12.05.2015

Baltic Sea nutrient trade developed through joint Finnish-Swedish effort

The NutriTrade project, led by the John Nurminen Foundation, aims to create the world’s first nutrient trade system for marine areas.  In addition to the Foundation, project participants include the University of Helsinki and the Natural Resources Institute (LUKE) from Finland, and the Sustainable Seas Initiative and the Swedish University of Agricultural Sciences from Sweden.

The planned nutrient trade system can include any verified means that will cost-efficiently and quickly reduce the volumes of eutrophicating nutrients in the Baltic Sea. The objective is to create a mechanism that identifies, finances and implements such measures.

Nutrient trade can take place between stakeholders who are prepared to reduce nutrient discharges to the Baltic Sea with their own, clearly measurable actions. Such stakeholders could include water utilities willing to improve their wastewater treatment measures beyond the compulsory minimum. Purchasing parties could consist of cities, municipalities, private enterprises and citizens who wish to improve the status of the Baltic Sea and neutralize their own phosphorus footprint.

The project involves various concrete measures that can be used to pilot nutrient trade. Moreover, the project will study the opportunities for launching nutrient trade on the national level in Finland and Sweden, and throughout the area of the Baltic Sea. The project has been named one of the flagship projects of the EU Strategy for the Baltic Sea Region. Plans are to launch the three-year project in the autumn of 2015; the project will continue until 2018.

‘This is an extremely important and interesting project, and one that we really believe in  – it is inspiring to cooperate with our Finnish partners.  We will focus on active project communications, and on distributing and developing project information and results’, says Göran Lindstedt, CEO of the Sustainable Seas Initiative.

Annamari Arrakoski-Engardt, Secretary General of the John Nurminen Foundation, says: ‘for some time now, we have seen nutrient trade as a promising opportunity for the cost-efficient reduction of the nutrient load of the Baltic Sea.

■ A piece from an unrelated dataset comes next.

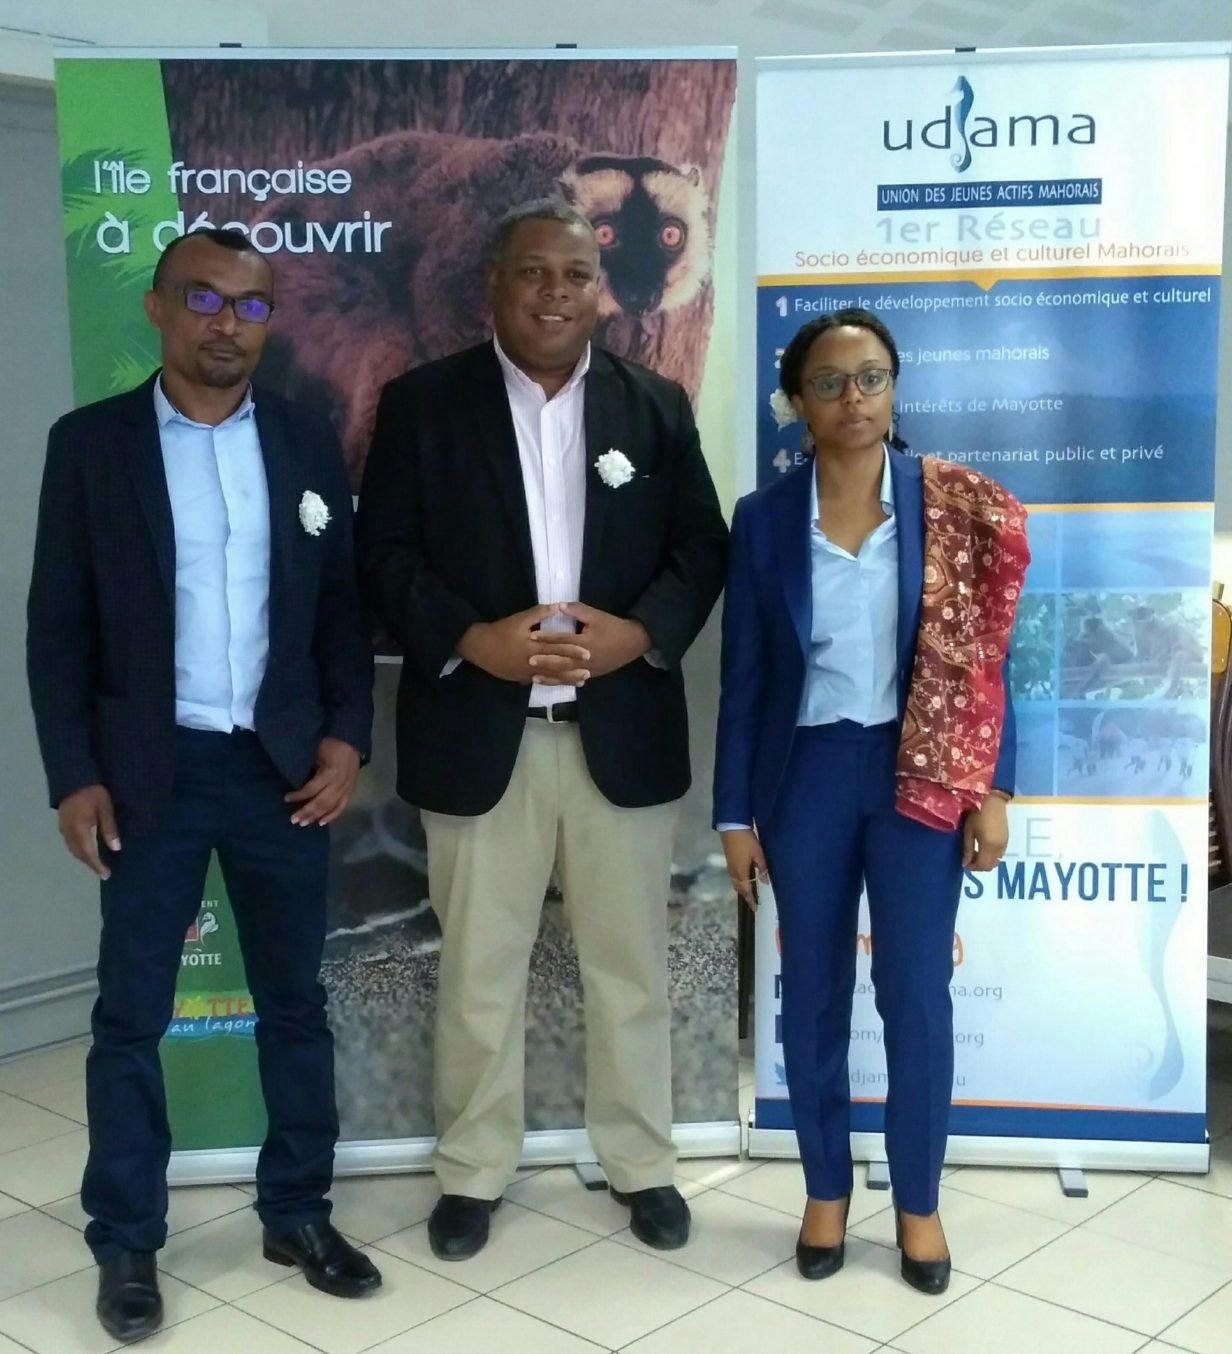 Mayotte et vous 2nde Ahamada M Daniel Z Cansel B

The NutriTrade project intends to turn these plans into reality and launch, for the first time ever, a voluntary nutrient trade system covering all of the Baltic Sea. It is wonderful that we can develop new solutions for the problems of the Baltic Sea in cooperation with our Swedish partners.  With their lengthy coastlines, Finland and Sweden are the ones to suffer most because of the poor status of the Baltic Sea, and also the ones that would benefit most when the status of the sea improves.’